内容に誤りがあれば、ご指摘いただけると幸いです。

背景・目的

今回は、バイオインフォマティクスにおけるマルチプルアライメントを実行したくて、Clustal Omegaというツールを使ってみようと思います。初心者なので、インストールから実行まで全てが初めての経験です。最初はエラーやミスが多いかもしれませんが、その都度学んだことを記事として記録していきます。
簡単にいうと、自分のノートパソコンでLocalにClustal Omegaを使えるようにしたい!

環境・ツール

  • macos big sur 11.7.10
  • Clustal Omega version 1.2.4(Homebrewでインストール)
  • ターミナルで実行
    ※エラーが発生した場合は、主にChatGPTを使って調べながら対応。(いいのか?)

Clustal Omegaとは(簡単に)

Clustal OmegaとはなんなのかChatGPTに聞いてみた。

🔍 Clustal Omega とは?
名前:Clustal Omega(クラスター・オメガ)
用途:複数の配列(DNA、RNA、タンパク質)のアライメント
特徴:高速・高精度、大規模な配列数でも対応OK!
出力:整列済みFASTA、PHYLIP形式、系統樹(Newick)など

自分は異なる複数生物の遺伝子を全長で比較したいので、Clustal Omegaがピッタリ。

インストール手順

1. 【まず】Homebrewをインストール

Homebrewを使うことで簡単にソフトウェアをインストールできるらしい...
1. ターミナルで以下のコマンドを実行:

/bin/bash -c "$(curl -fsSL https://raw.githubusercontent.com/Homebrew/install/HEAD/install.sh)"
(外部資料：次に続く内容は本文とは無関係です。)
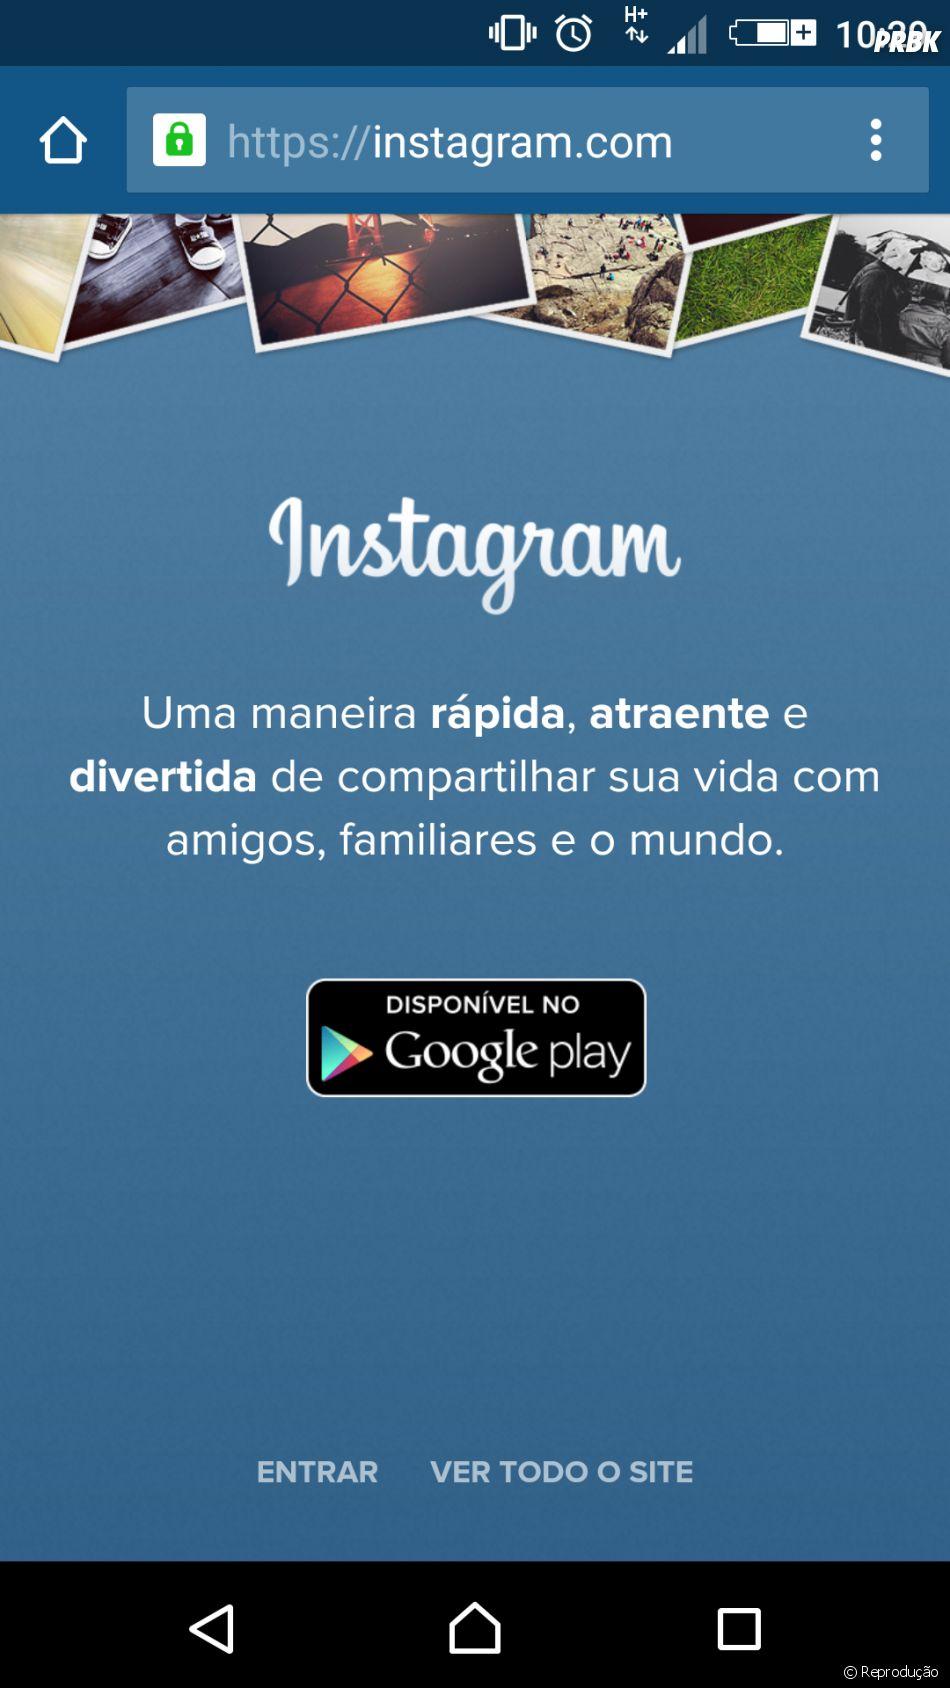 Uma dica para não ver anúncios no Instagram: basta acessar o feed pelo navegador do celular

ここでpasswordを求められたので、Macのlogin passwordを入力し、次に進むことができた。(入力しても文字が表示されないが、入力はできている。)

2. 以下のコマンドを実行して、バージョンが表示されればインストール完了!

brew --version

⚠️この時、以下のErrorが表示されてしまった:
zsh: command not found: brew
🌀原因:パスが通っていなかった。
✅解決法:以下のコマンドを実行して、Homebrew のパス(場所)をシェルに認識させ、brewコマンドが使えるようにする。

eval "$(/opt/homebrew/bin/brew shellenv)"

※恒久的に反映したい場合は、以下を .zprofile に追加:

echo 'eval "$(/opt/homebrew/bin/brew shellenv)"' >> ~/.zprofile

ChatGPTによると、このままターミナル上でClustal Omegaをインストールできると思っていたが、インストールされるのはClustalW(古いパッケージ)らしく、公式HPからインストールすることに...

2. Clustal Omega公式HPからファイルをダウンロード

公式HP: http://www.clustal.org/omega/

最初"Standalone Mac binary (PowerPC/64-bit Intel) (1.2.3)"からDLしようとしたが、結局できず、"Source code .tar.gz (1.2.4)"をDLした。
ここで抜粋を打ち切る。